Another key responsibility of the statistician is to write the Statistical Analysis Plan (SAP). This regulatory document tells specifically how the analyses will be performed and what will be reported in the final tables. This is where the statistician can think more deeply about how to answer the research question through the appropriate analyses.
During the clinical trial and as subject data starts being made available, clinical programmers will begin producing draft summary tables and statisticians will begin looking into the draft output to ensure everything is in order. In a blinded clinical trial, the treatment group assignments remain unknown until trial completion, so in the datasets, programmers assign subjects to ‘dummy’ treatment groups, which allows them to produce tables that will look just like the final output, only the treatments that the subjects are assigned to are not real. This allows for the study team to have a look at the tables and provide comments prior to the final analysis.
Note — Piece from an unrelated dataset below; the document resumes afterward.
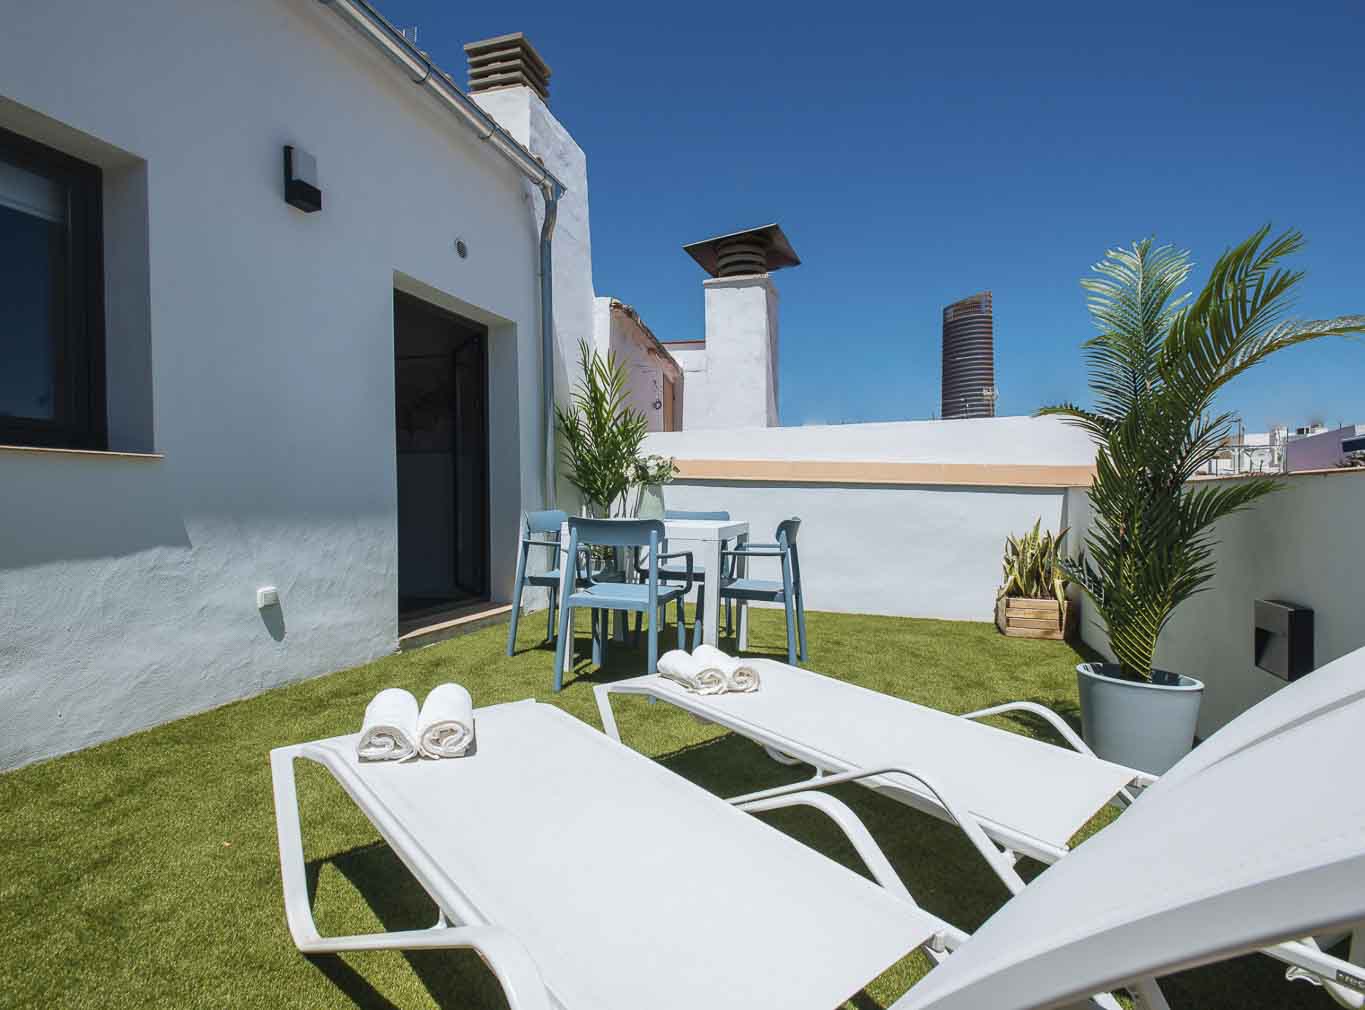 Tourist apartments with terrace in Seville

Some clinical trials will have interim analyses, which is a special type of analysis done after only a percentage of the subjects have been enrolled. Often times, early in drug development, the sponsor may be curious about which dose levels are most effective and most well-tolerated, so they will assess this at some point (maybe after 50% of the subjects have been enrolled) during the trial rather than waiting until all subjects have been enrolled. This allows the sponsor to drop doses or re-allocate to certain dose groups if any safety or tolerability issues are seen. This can be tricky however, because the trial is still ongoing and the core study team needs to remain blinded, so an independent group is often utilized to help aid in these decisions. For example, an independent (separate from the sponsor company) statistician will typically be identified to ‘unblind’ the study and perform the required unblinded analyses. Often times the statistician will submit the results to a panel of experts (called a data monitoring committee) to review and decide if or what study modifications may be needed. These may be due in some way to a particular safety concern that may even lead to trial termination or suspension. These decisions are communicated to the sponsor’s upper management.
In a more traditional clinical trial, when all subjects have completed, the database is locked, the study is unblinded, and statisticians and programmers are charged with creating the final tables, listings and graphs. If the analysis calls for any inferential statistics (such as models or statistical tests), the statisticians will typically create these tables. These tables are sent to the medical writers for incorporation into the clinical study report. Then, statisticians are available to the medical writers for any technical questions regarding the tables
Statisticians can have a wide variety of duties and responsibilities, but below are some common traits a good statistician will possess:
- Clear and concise writer – there are no style points when writing SAPs, but clear writing is still very important in providing a how-to for another statistician or in providing statistical rationale for statisticians and non-statisticians alike
- Understanding of statistical tools such as SAS® – having this skill is extremely helpful for investigating issues, completing analysis and validation, etc.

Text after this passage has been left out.